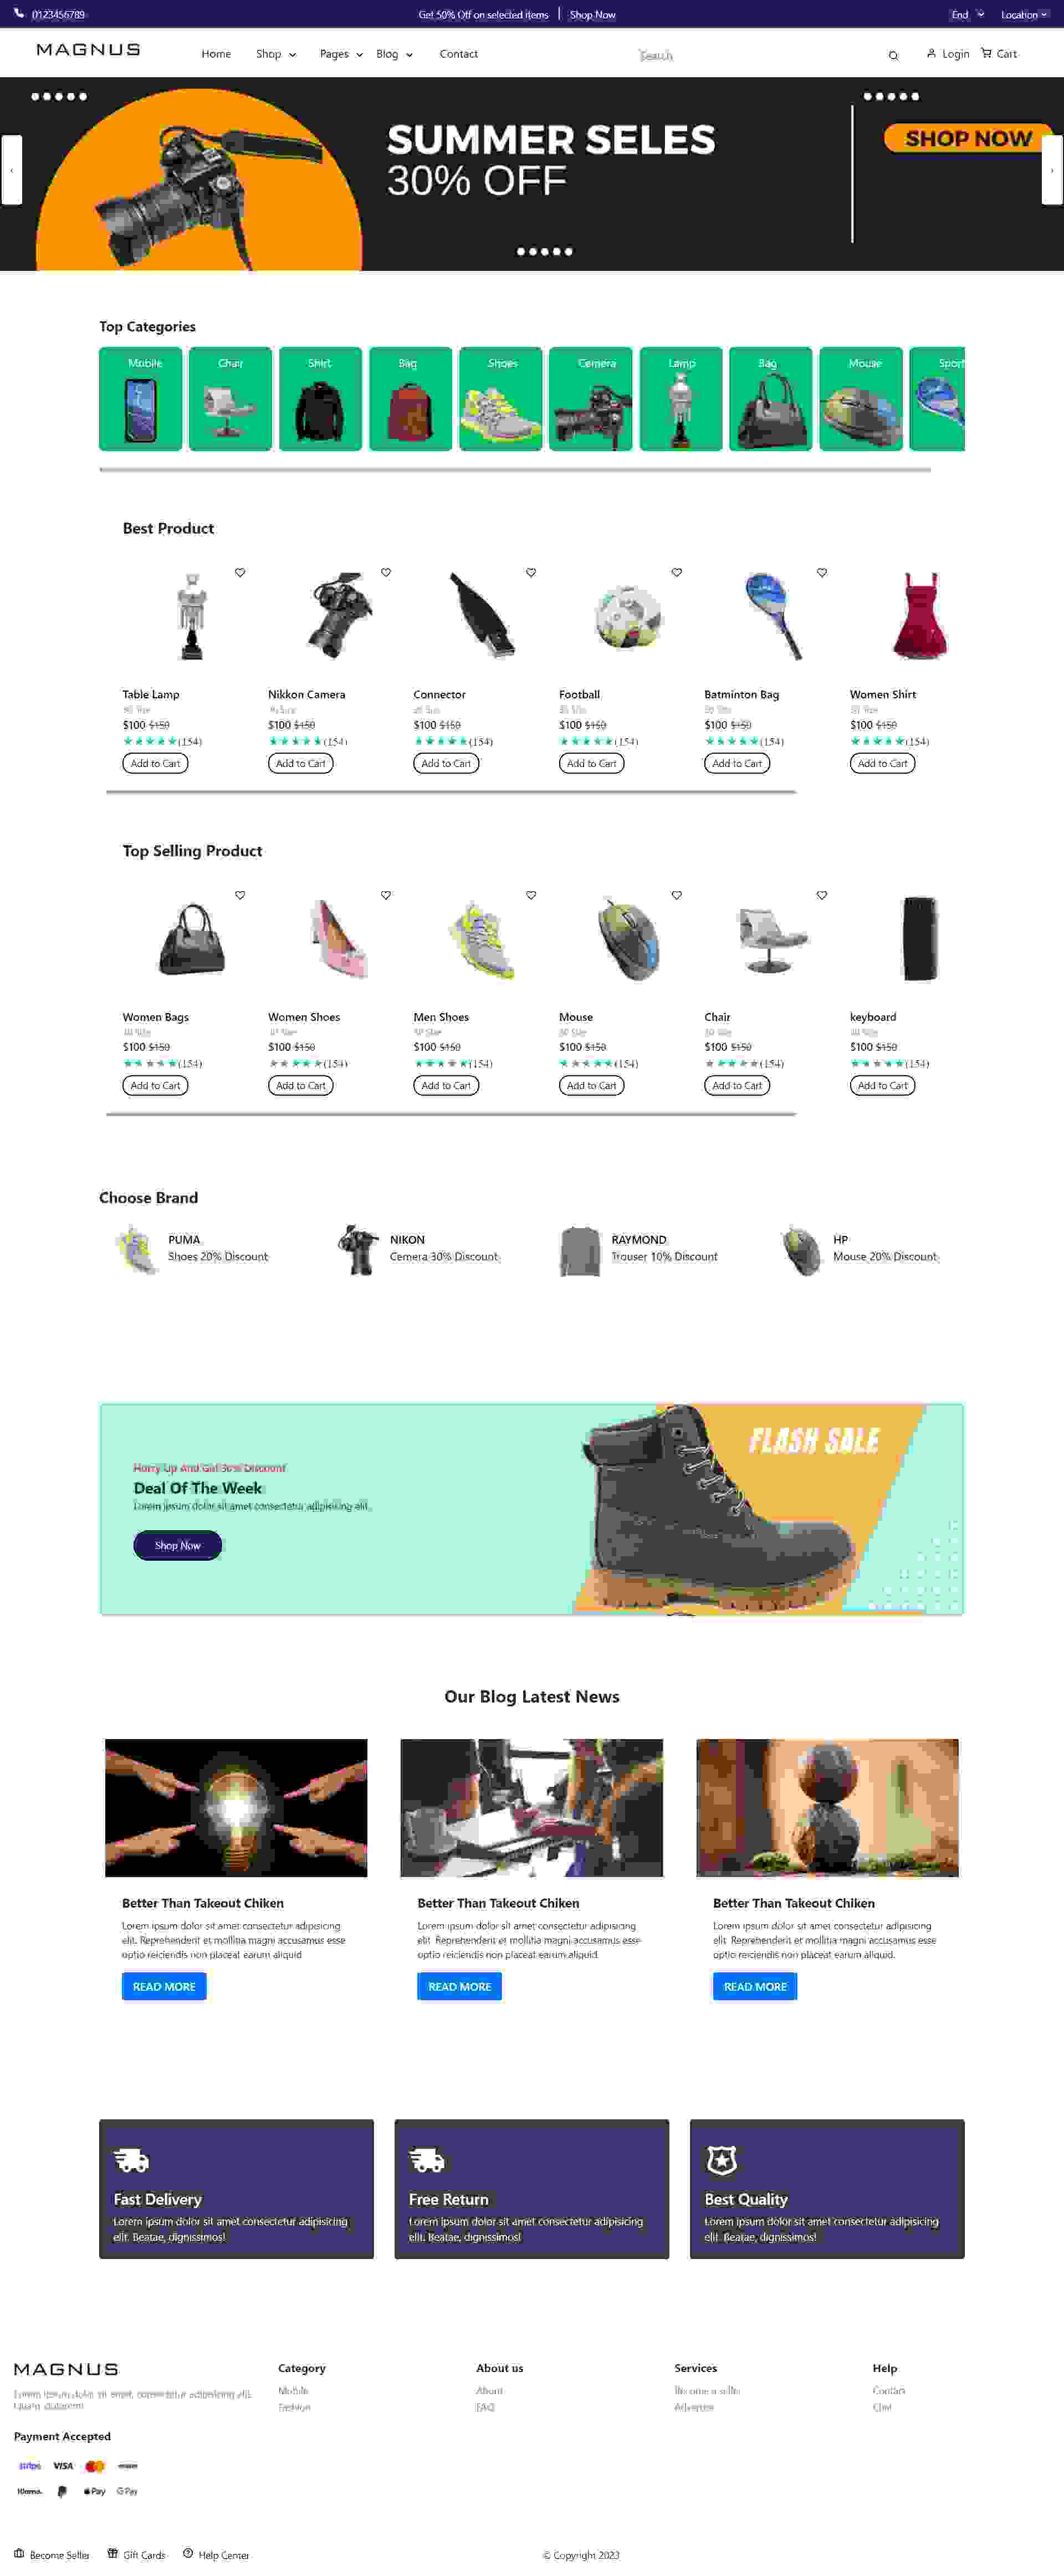 Magnus – Free Bootstrap 4 Multipurpose eCommerce Website Template
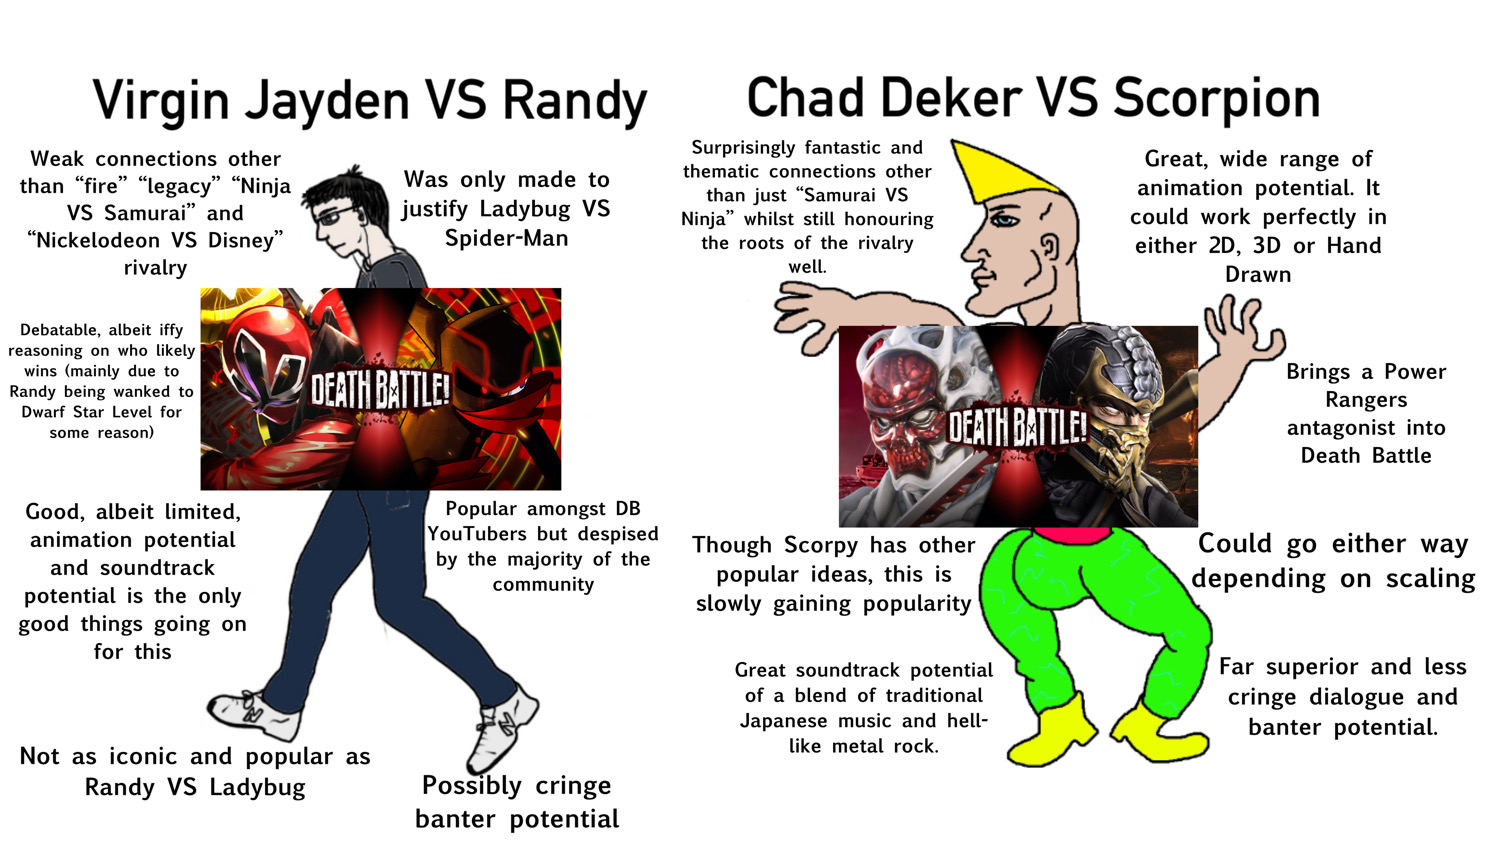 Virgin vs. Chad Meme  Chad, Memes, In meme
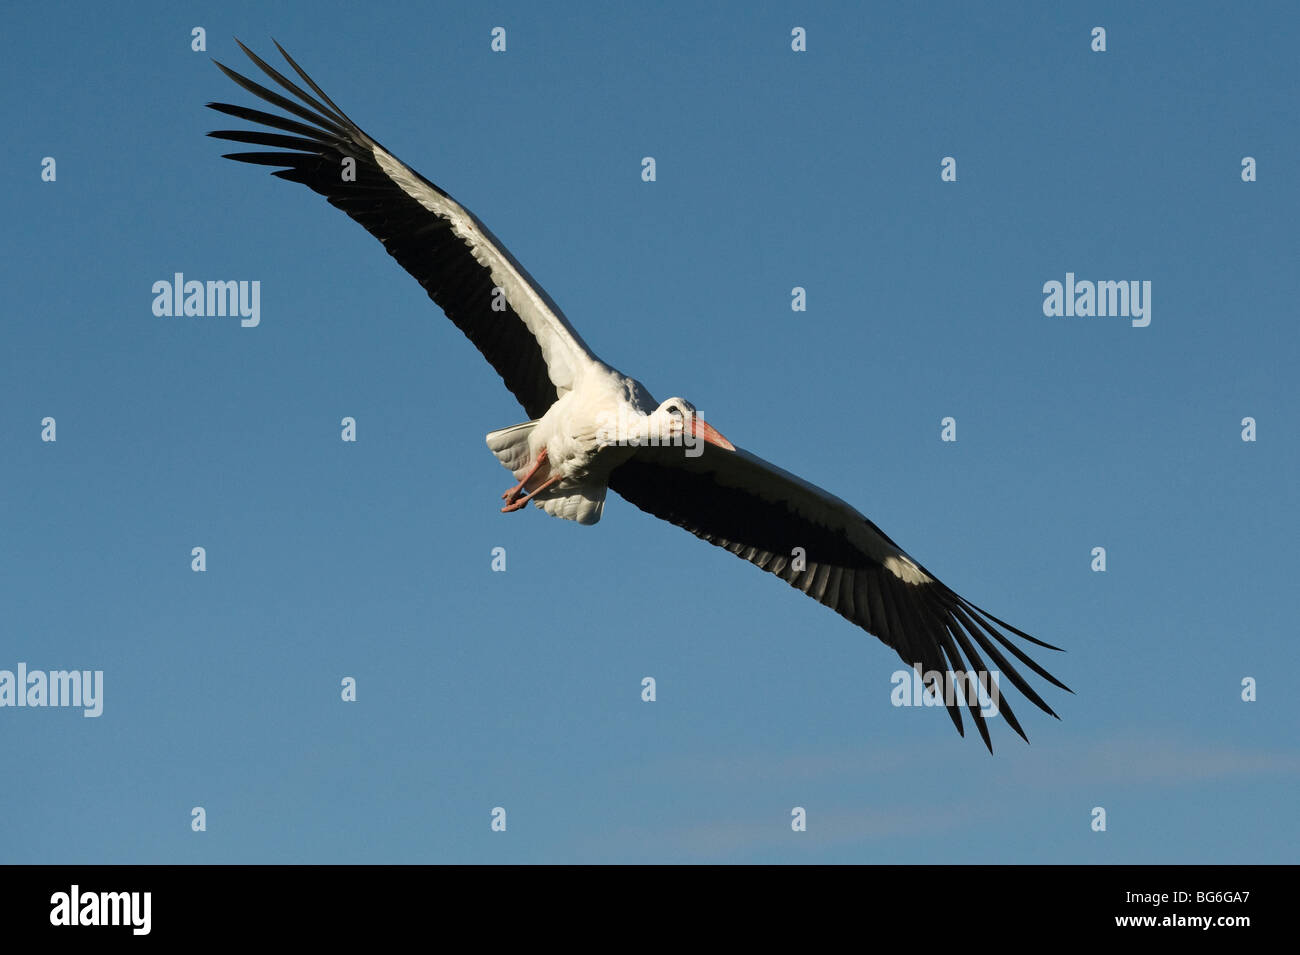 Italy, Piedmont, Racconigi (Cn), a White Stork on the wing Stock Photo
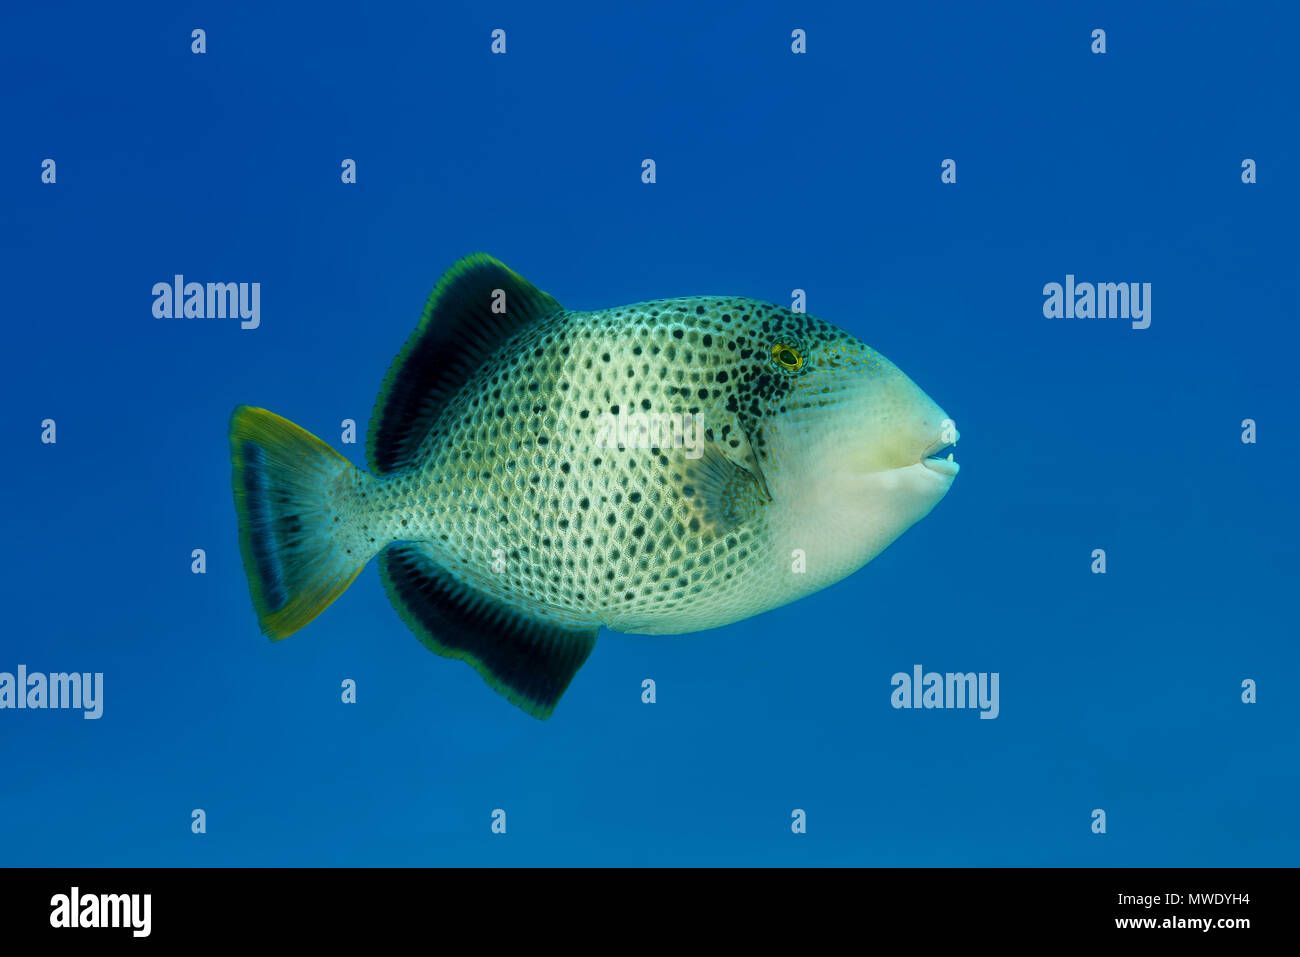 Indian Ocean, Maldives. 14th Mar, 2018. Yellowmargin Triggerfish (Pseudobalistes flavimarginatus) in the blue water Credit: Andrey Nekrasov/ZUMA Wire/ZUMAPRESS.com/Alamy Live News Stock Photo

• Exercise description
In the copy, no pictures are to appear; write out exactly the lines from the one containing "Italy, Piedmont, Racconigi" through the end of the listing above and no further lines.

• Answer for the task
 Italy, Piedmont, Racconigi (Cn), a White Stork on the wing Stock Photo
 Indian Ocean, Maldives. 14th Mar, 2018. Yellowmargin Triggerfish (Pseudobalistes flavimarginatus) in the blue water Credit: Andrey Nekrasov/ZUMA Wire/ZUMAPRESS.com/Alamy Live News Stock Photo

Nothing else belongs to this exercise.